Cracked rail disrupts BART service

August 14, 2008 6:58:52 PM PDT
A cracked rail disrupted service to thousands of BART commuters Thursday morning. It caused delays of an hour or more in some cases. It happened on a section of track near the Lake Merritt station where five lines converge. The cracked rail is another example of BART's decaying infrastructure, but replacing it does not come cheap.

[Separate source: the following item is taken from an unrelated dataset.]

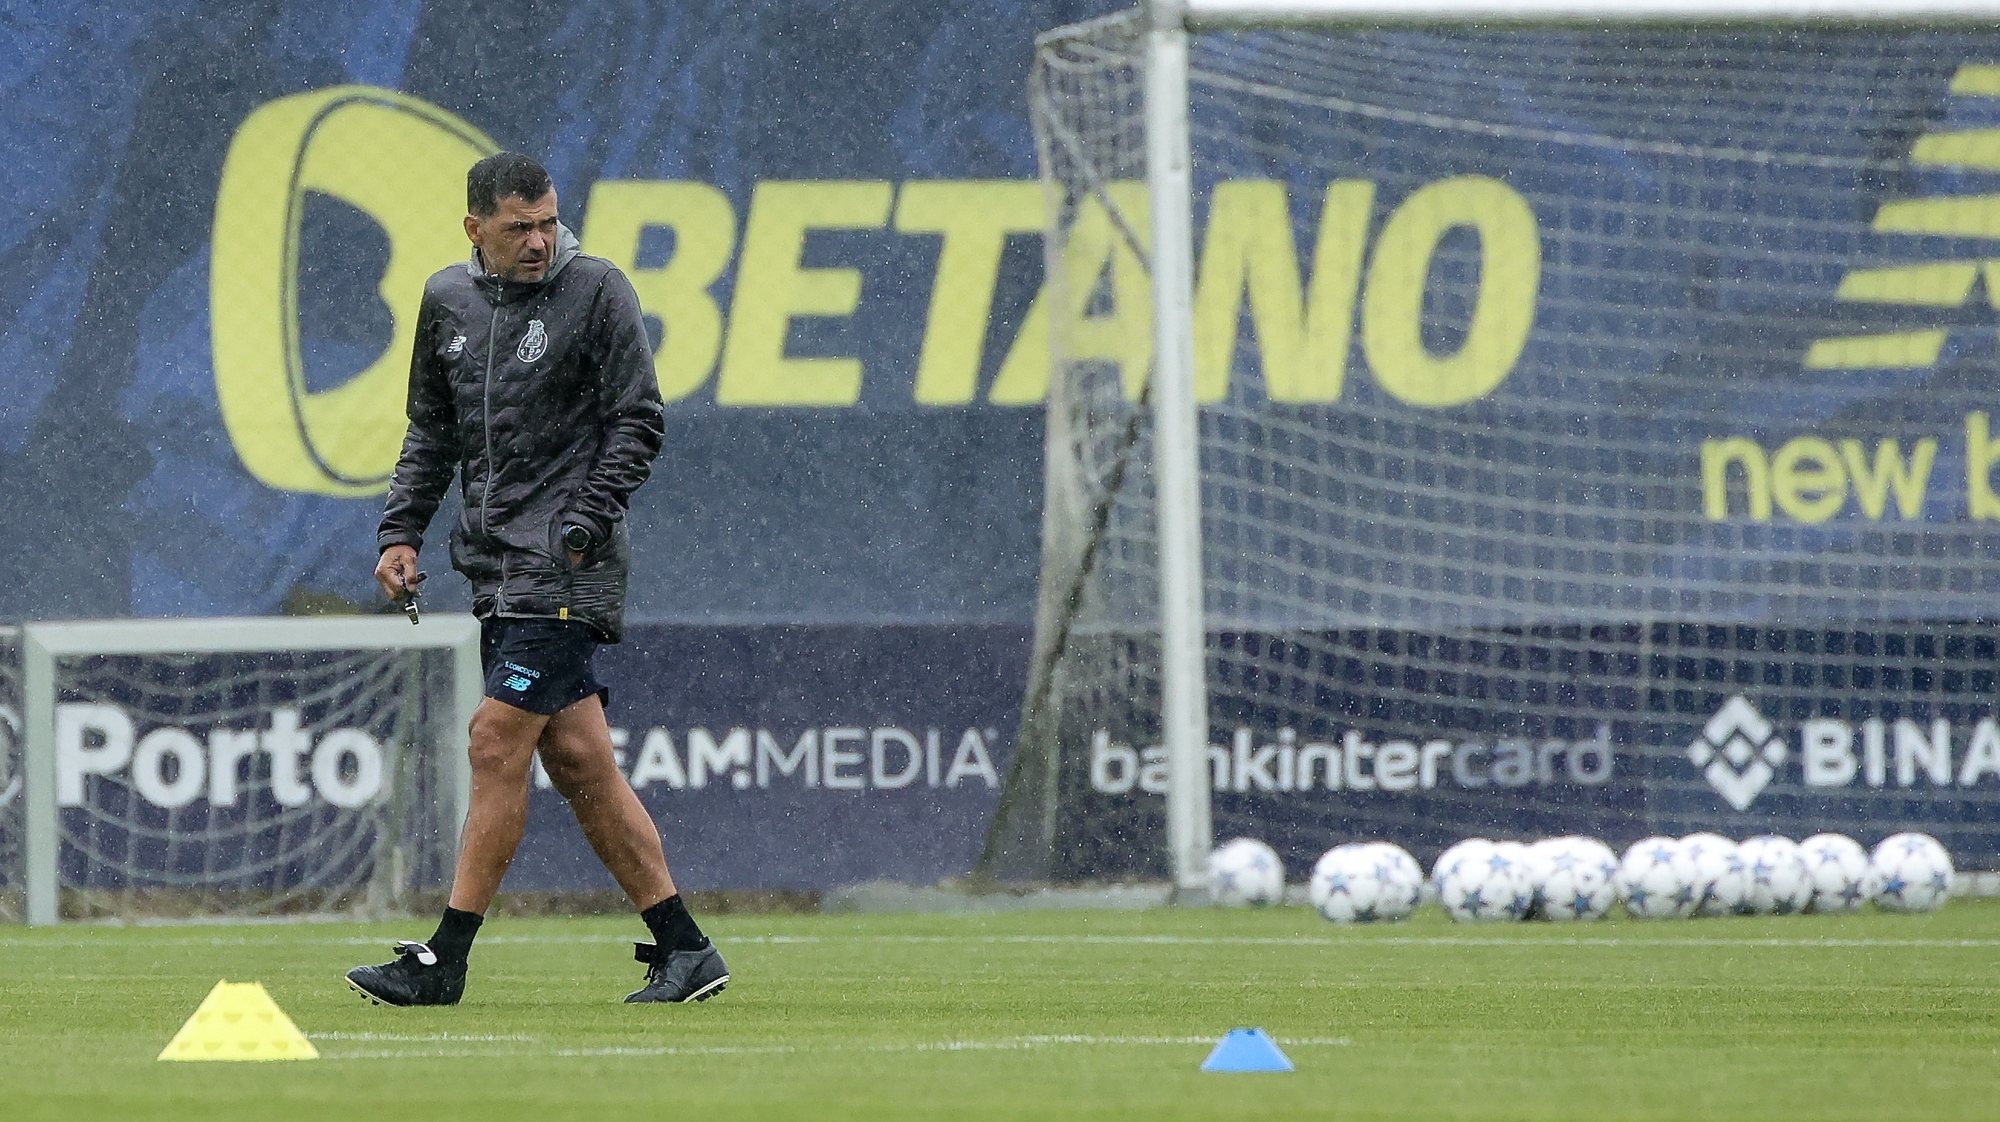 Antuérpia perde jogo e médio antes de defrontar FC Porto na Champions
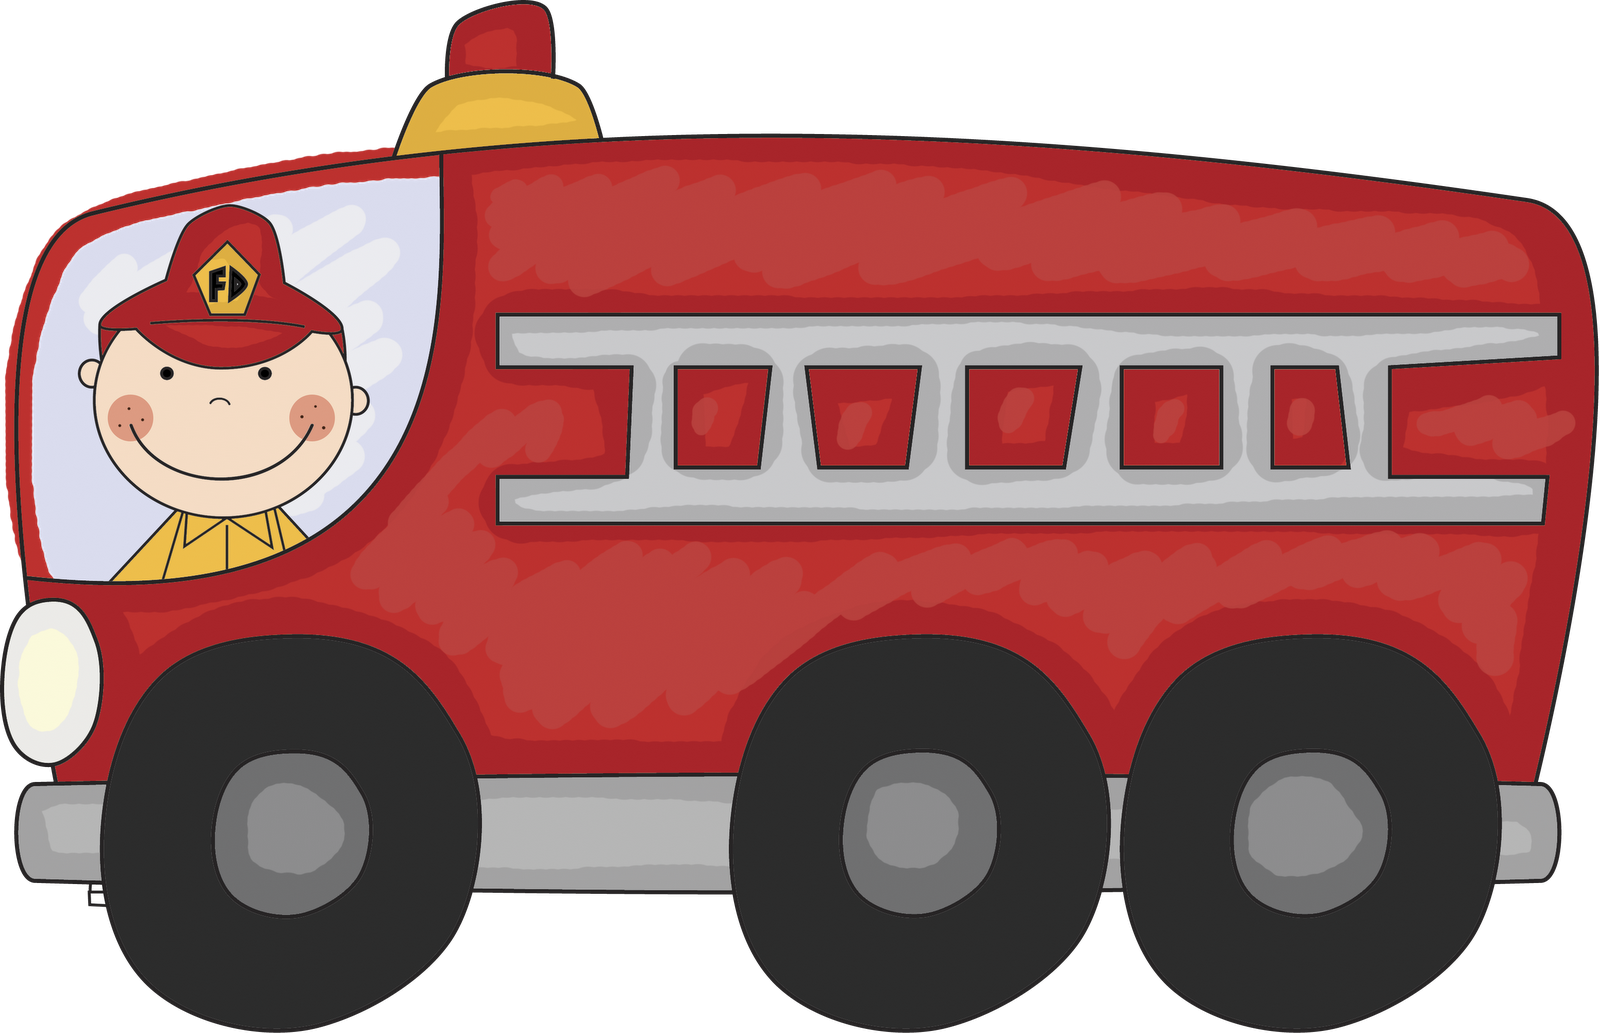 Картинки для детей пожарный на прозрачном фоне. Пожарная машина. Пожарная машина для детей. Пожарная машина мультяшная. Пожарные машины мультяшные.

The rail crack was detected at about 9:45 Thursday morning underground, 120 feet north of the Lake Merritt station. It could not happen at a worse spot -- a major rail intersection where all five BART lines meet.

"We wanted to make sure our passengers are safe, so we terminated service as soon we saw evidence that there might be a crack," said BART spokesman Jim Allison.

Riders were detoured on special shuttle trains, resulting in delays of an hour or more.

"We had to transfer a couple times and we had to wait for other trains to clear the tracks," said BART rider Paula Johnson.

By noon, workers had made temporary repairs to the rail, enabling regular train service. The cracked rail is symptomatic of an aging infrastructure.

"A new rail wouldn't crack, but an older rail does," said BART spokesman Linton Johnson.

Last May, a transformer caught fire in a Hayward BART yard causing major delays for months at some stations. That is also evidence of the need to replace aging power equipment.

BART is using $18 million of state bond money to replace old circuit breakers at its older stations. It is a priority since the firm that makes the circuit breakers quit business, so there are no spare parts if there is a power failure.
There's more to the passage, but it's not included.